→ **DATASET EXCERPT**
+ + +

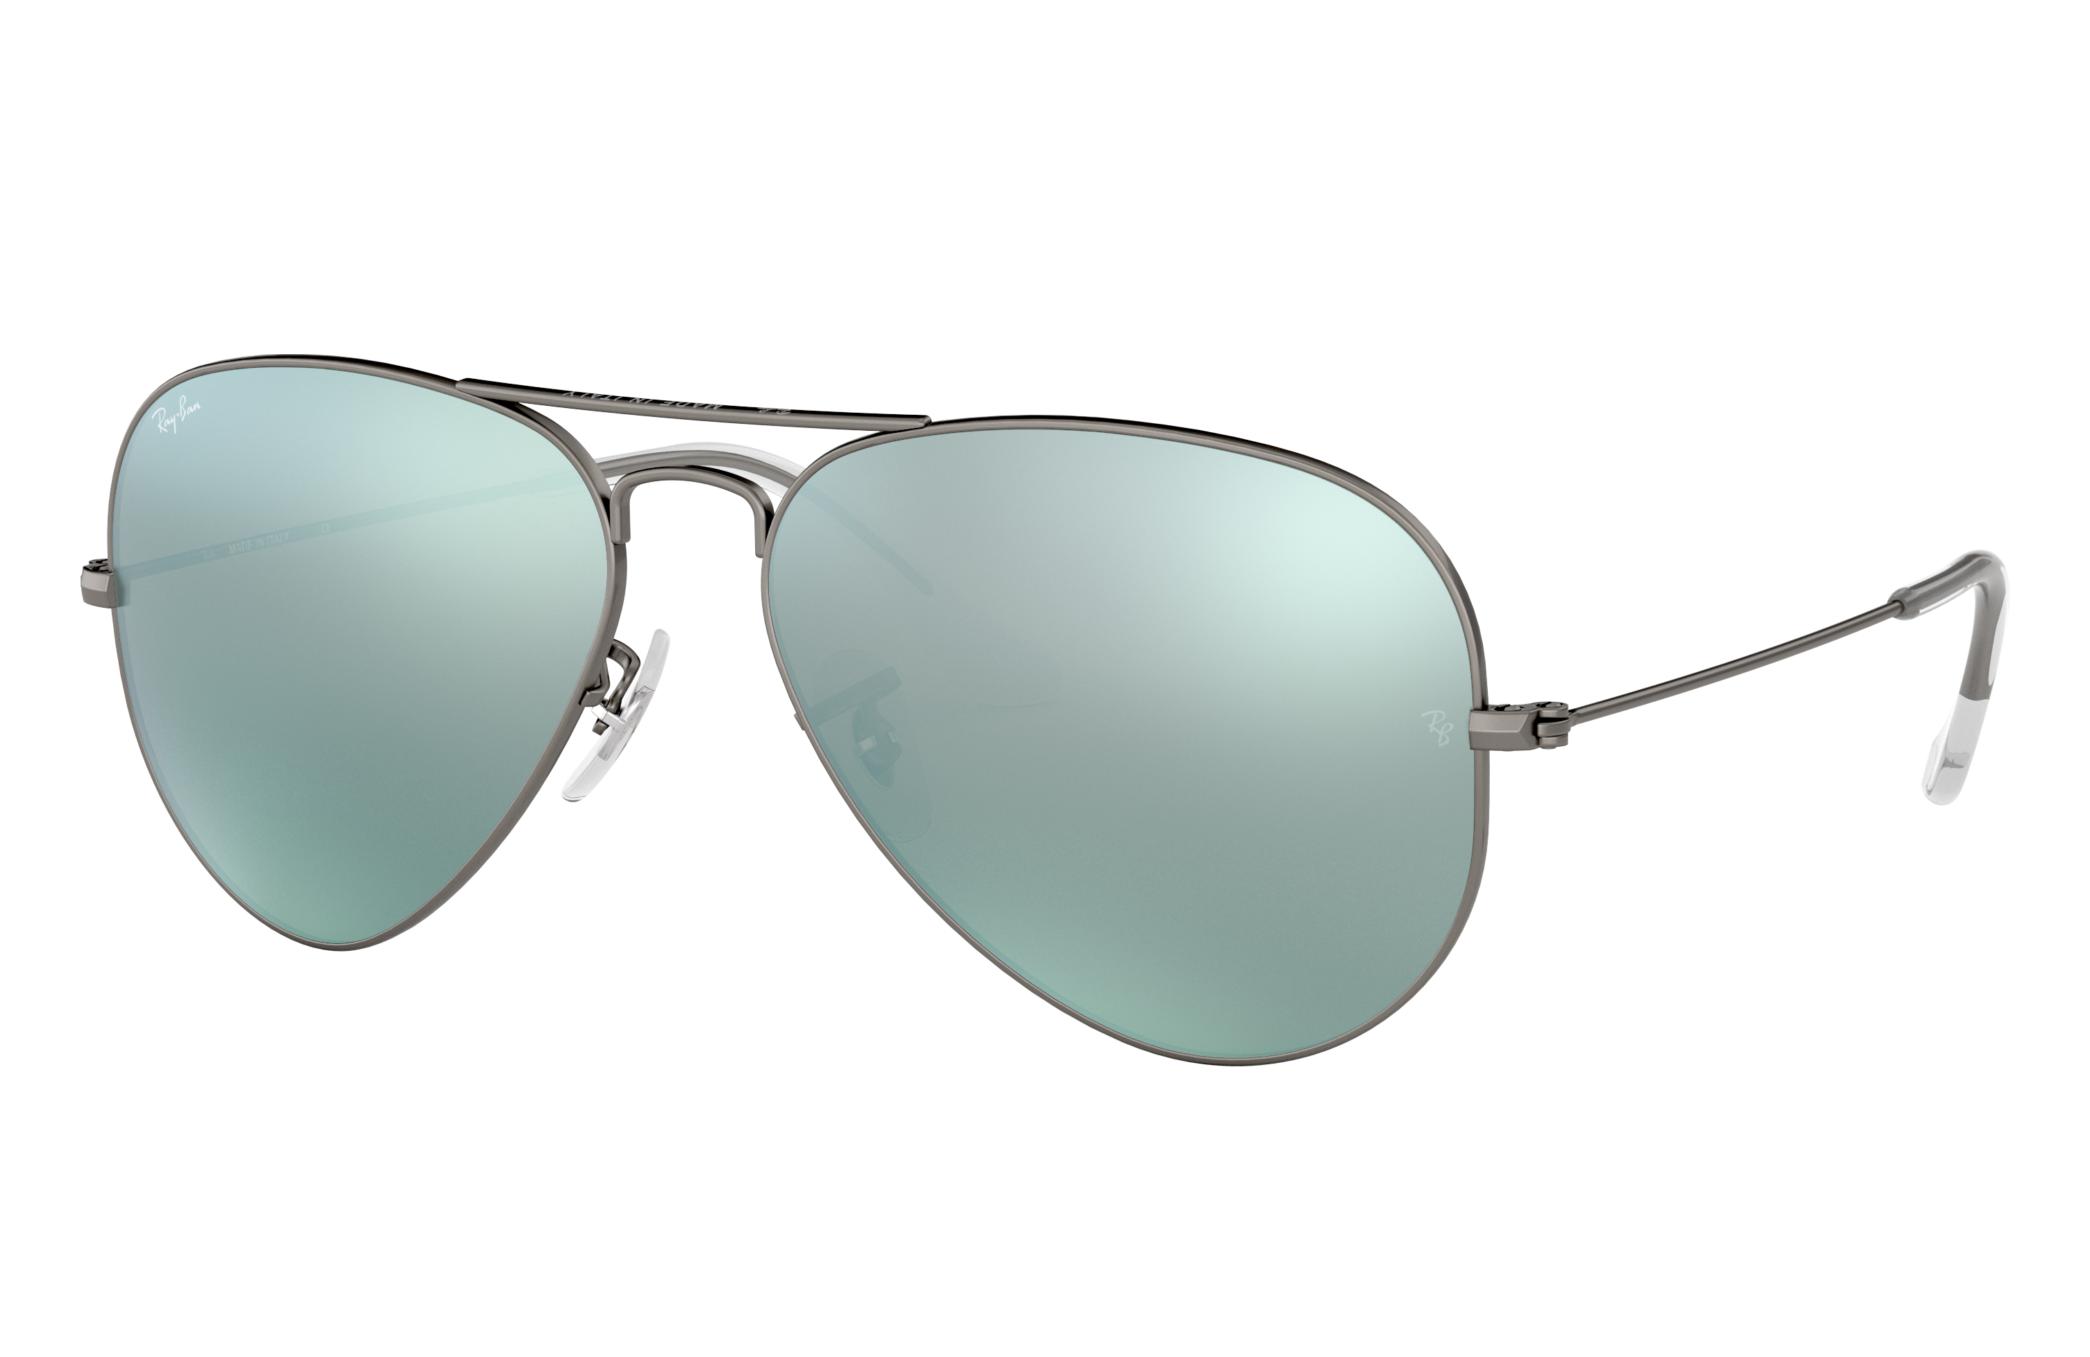 Ray-Ban Aviator Flash Lenses Gunmetal, Gray Lenses - RB3025
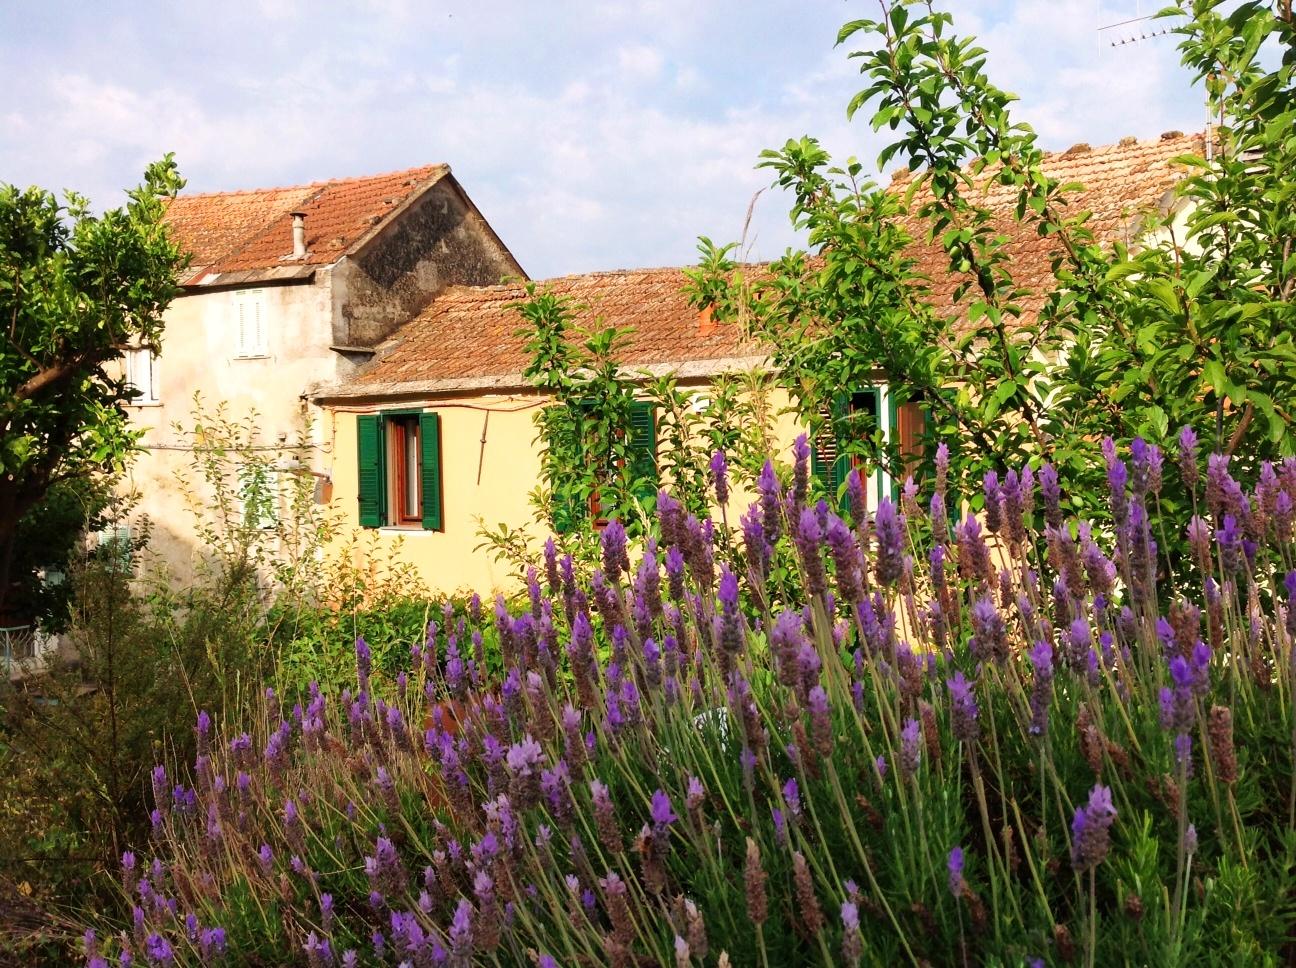 Diano Green, eine umweltfreundliche Gästehaus in Diano Marina, LIgurien, Italien
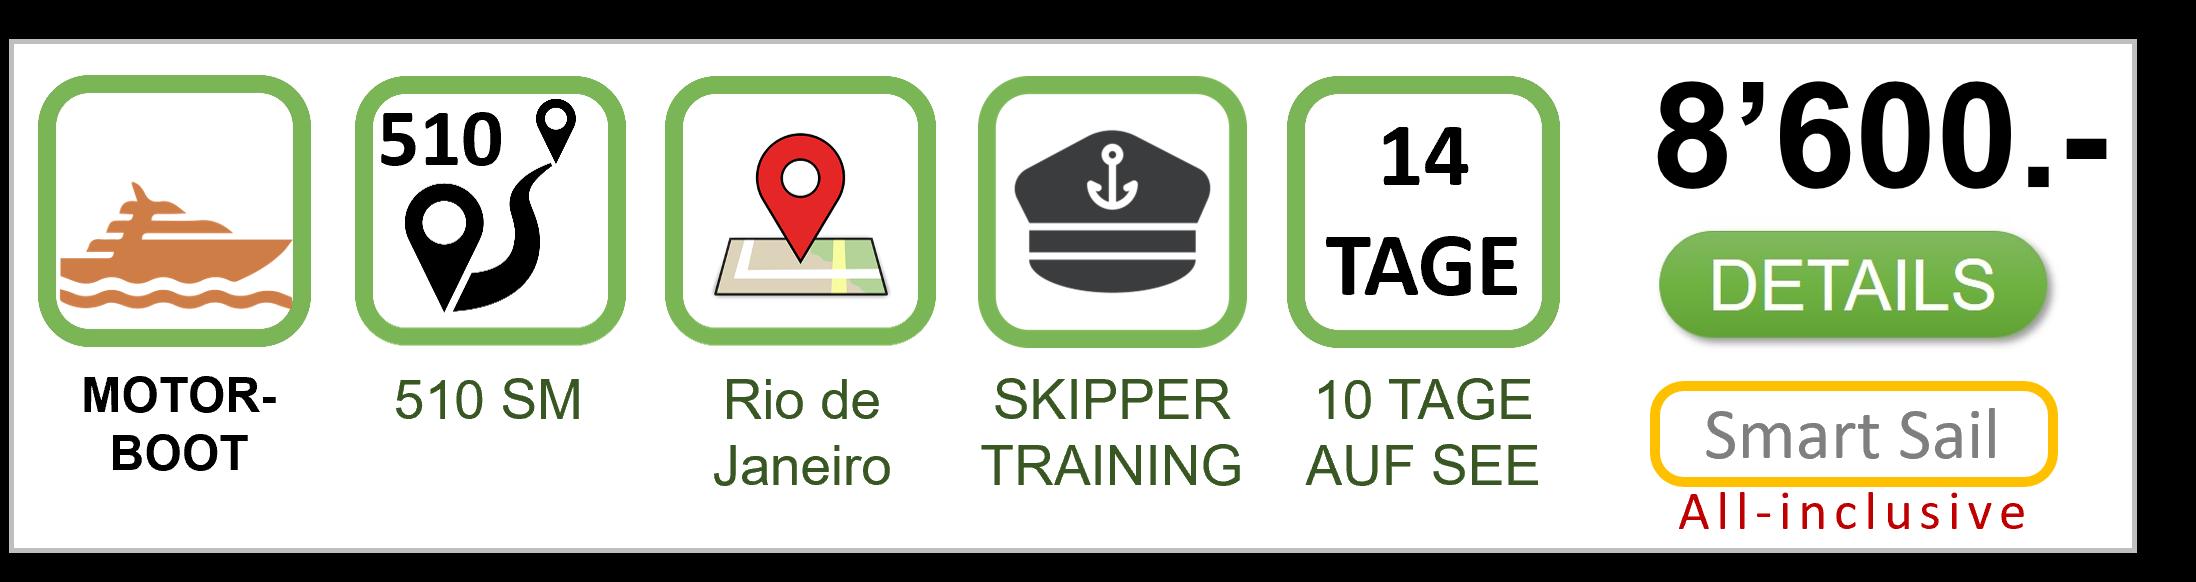 Kurszbeschreibung Motorboot Meilentörn Brasilien
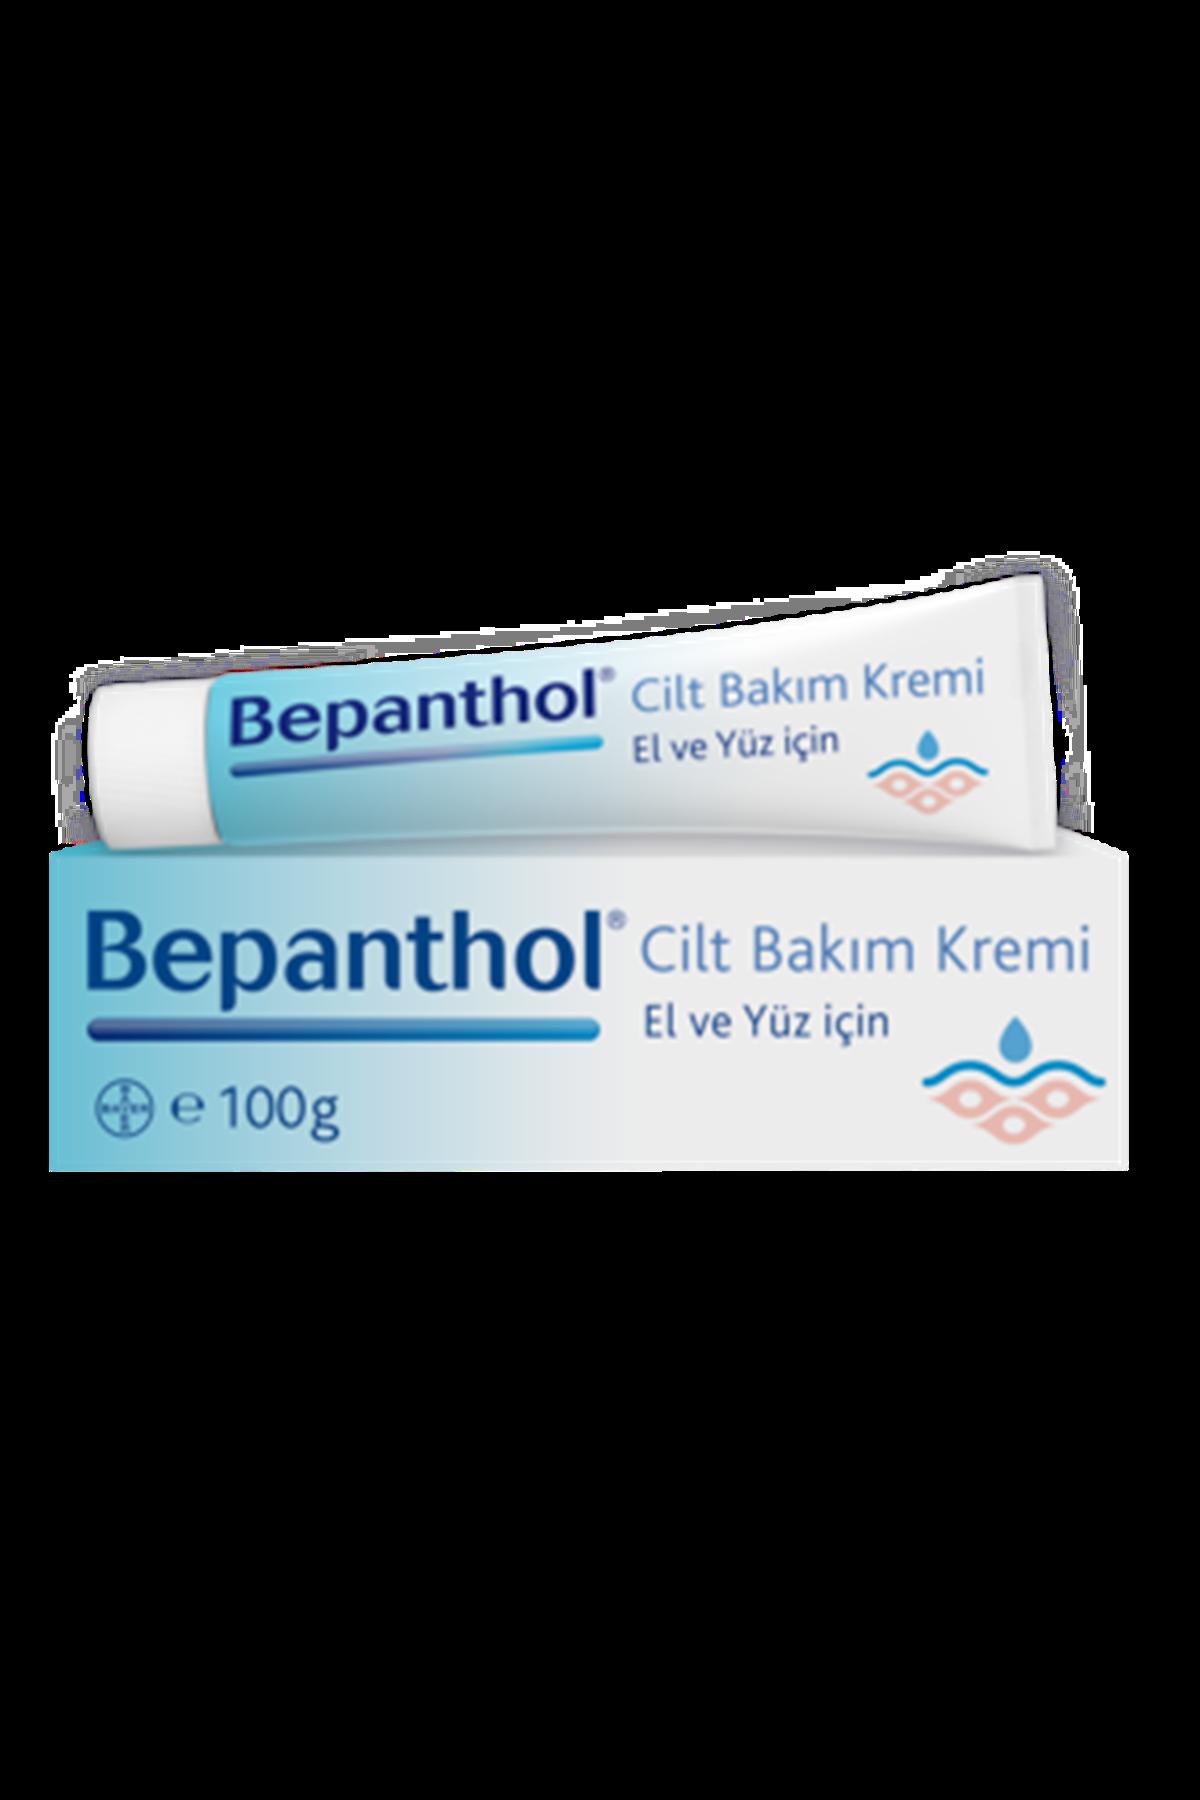 Bepanthol Cilt Bakım Kremi El ve Yüz için 100 ML

+ + +

→ **PROBLEM DESCRIPTION**
Images should not appear in the copy; retype the listing above exactly.

→ **WRITTEN RESPONSE**
 Ray-Ban Aviator Flash Lenses Gunmetal, Gray Lenses - RB3025
 Diano Green, eine umweltfreundliche Gästehaus in Diano Marina, LIgurien, Italien
 Kurszbeschreibung Motorboot Meilentörn Brasilien
 Bepanthol Cilt Bakım Kremi El ve Yüz için 100 ML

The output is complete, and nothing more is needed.